Struggling with storage management

I'm at about 50 windows servers that index weekly (i.e. winlogbeat 2018.34 would be the latest week of the year)
Storage is coming out to be about 10 gigs a week, depending on amount of activity on the servers. This is simply not sustainable, especially considering all of the other systems that are also generating another 10 gigs a week.

My question is - how are people managing their storage?
I'm thinking the biggest problem is that I'm indexing almost 1000 fields for the winlogbeat events. I plan on mitigating this through the logstash config. Is anyone doing something similar? It would be ideal to be able to define 20-30 necessary fields that need to be indexed, and then just dumping the rest of the data into a misc field. Does that sound reasonable?

Best compression is already enabled as for me searching performance is at the bottom of the priorities list. It is odd to me that compression is not better.

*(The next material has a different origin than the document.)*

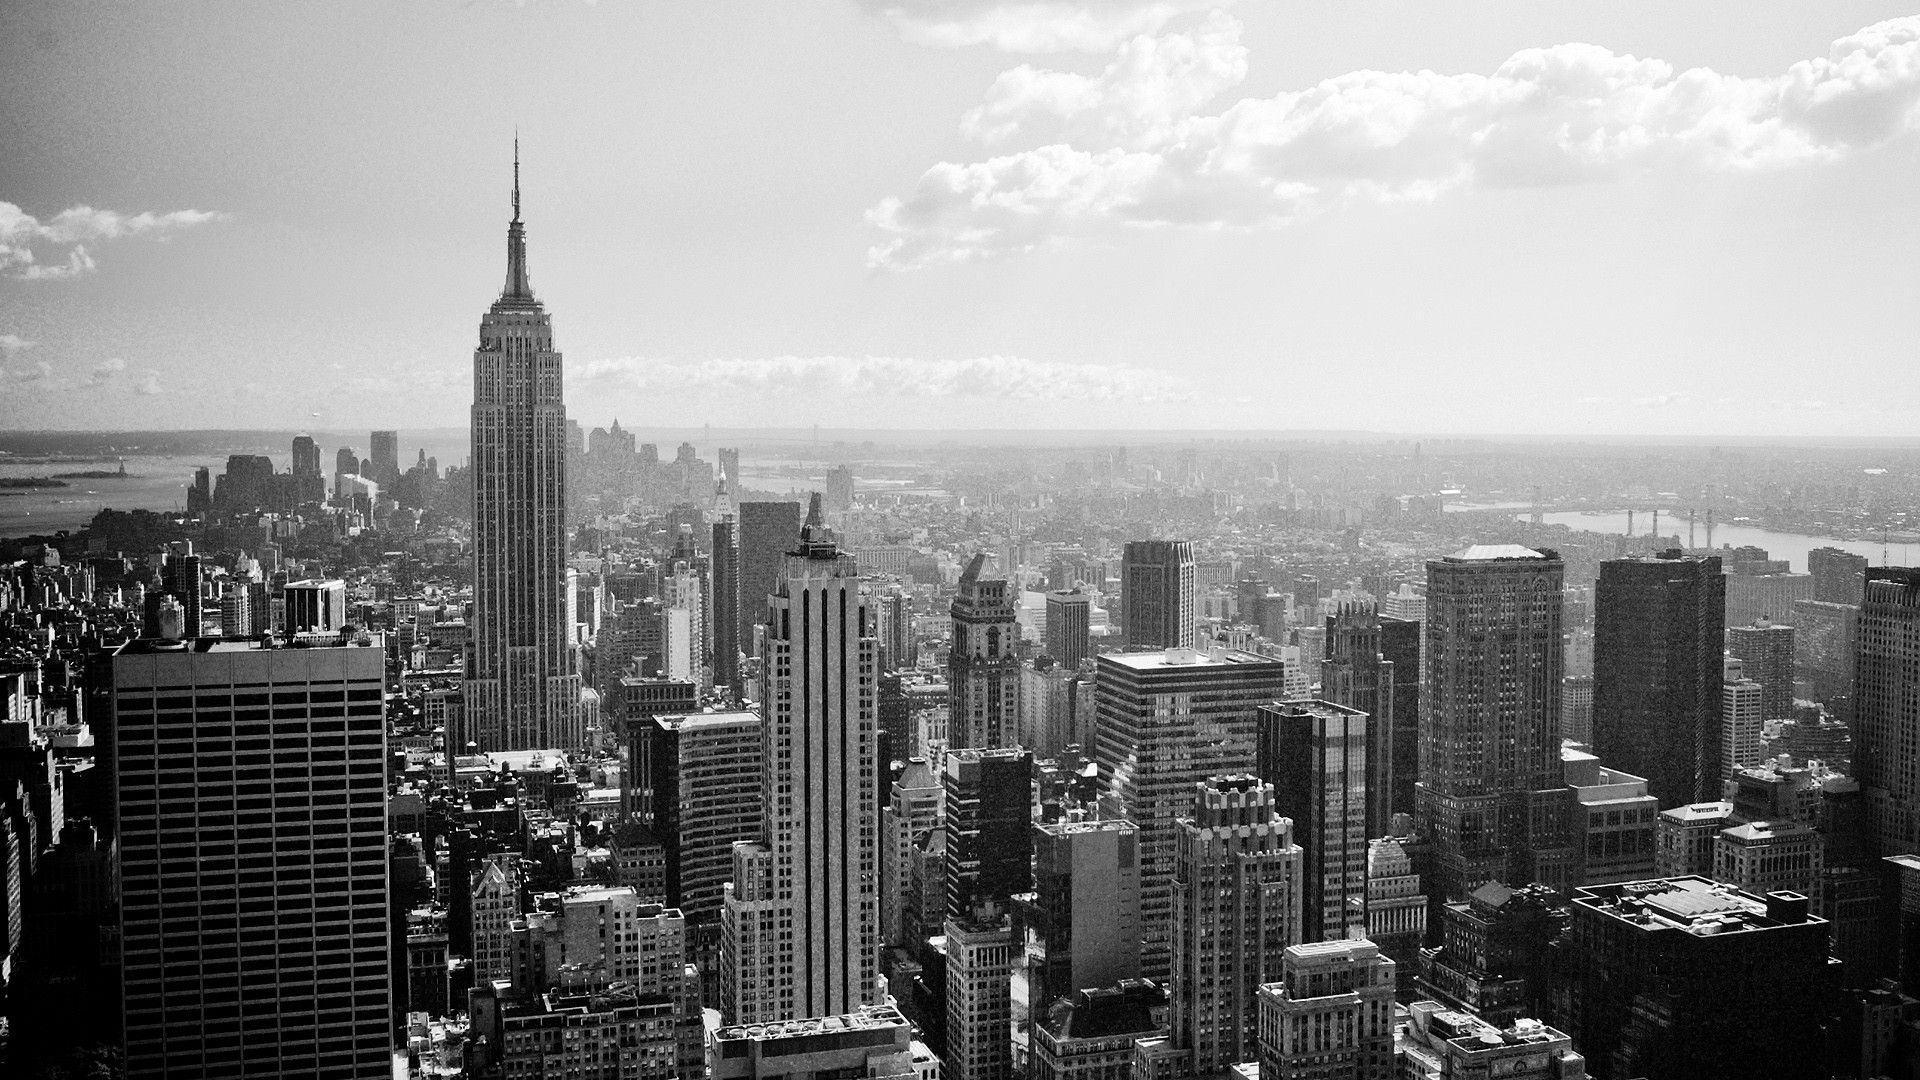 New York City Wallpaper Hd 425 Wallpaper Risewall Com New York Wallpaper City Wallpaper New York Hotels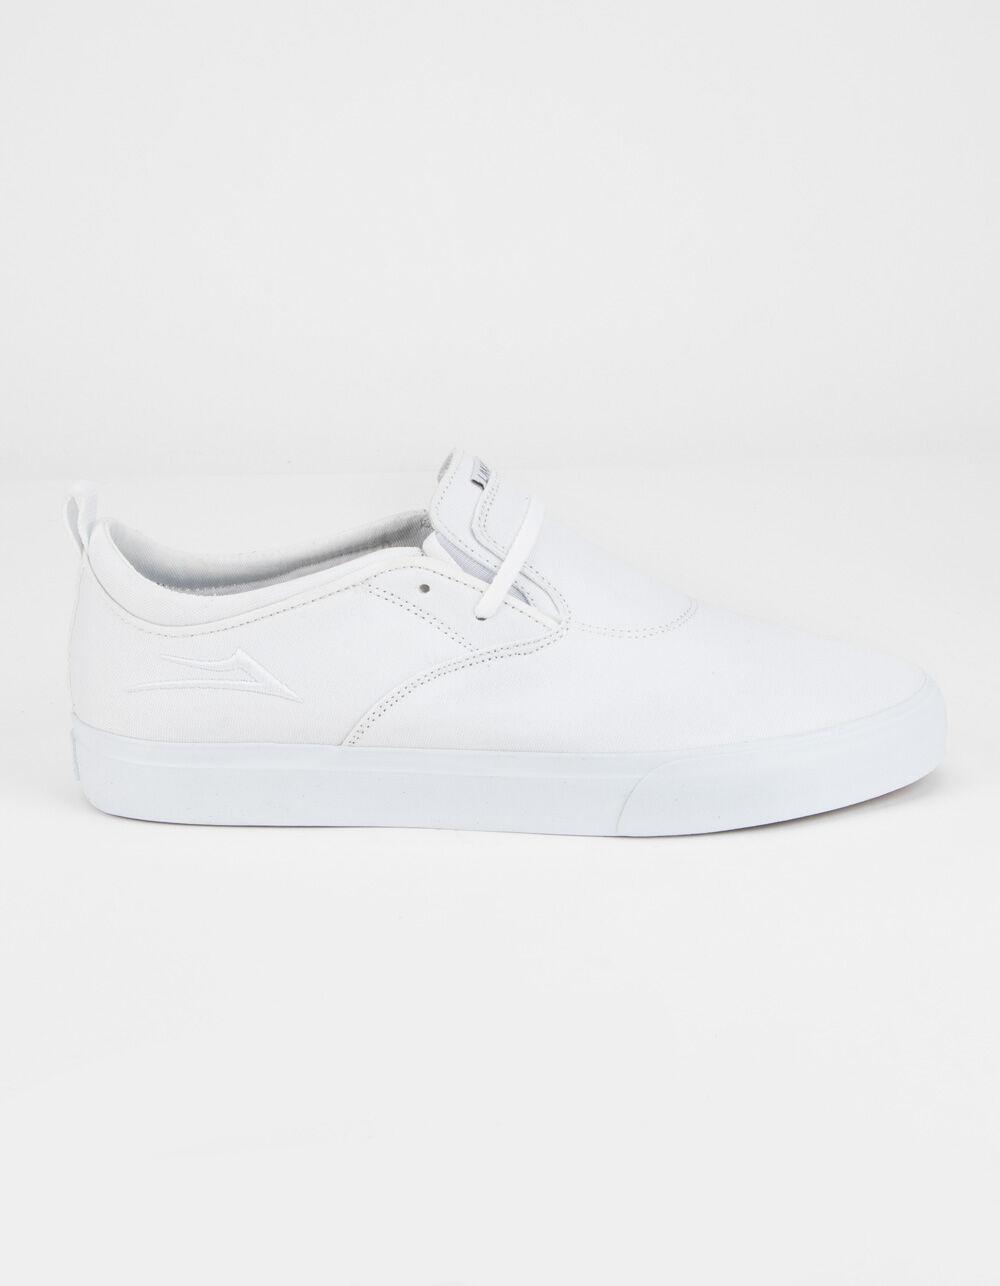 LAKAI Riley Hawk 2 White Canvas Shoes

I have millions of log events that almost exact copies of one another because they are just log in / log out windows events from our authentication management system.

I'm pretty new to the elasticstack. Currently I have a 1 node cluster in my environment as I've been learning. I plan to scale this out once I have storage under control.

Thanks. Any advice is appreciated.

1 Like

You could also store them but make them non-indexable (ie searchable). So you'd then search for something on those 30ish fields but you'd still be able to see the values in the events.

You could also look at the aggregate filter in Logstash to trim things down.

1 Like

Could I test the storage savings of not indexing all of the fields? I.E would closing an index also make all of its fields non-searchable?

It makes the entire index non-searchable.

Right, but would the storage reflect that? I'm trying to figure out of it's even worth the time cleaning these fields up.

It will still exist on disk, you just won't be able to see it via the APIs until you open it back up.

Which version of Elasticsearch are you using?

Gotcha.
Is there some guidelines on how to configure fields in the logstash config file? I'm struggling with the documentation. Ideally, I would want to say exclude all except for the following 30 or so fields.

Thanks, appreciate the help.

6.3.2

It is great to hear that you are on a recent version, as a lot ofimprovements around the ability to handle large number of sparse fields have been added lately. If you were on a version prior to 6.0 this would have had a much more significant impact.

1 Like

Hey Mark,
Just wanted to follow up and see if there's an easy way for me to map the explicit fields I want to include for indexing.

Thanks

You need to do that in a template, it's not a Logstash feature.

Mark,
I'm considering this:

Do you have any experience with this? Opinions?

EDIT: is this a paid gold or platinum feature?

Thanks

This topic was automatically closed 28 days after the last reply. New replies are no longer allowed.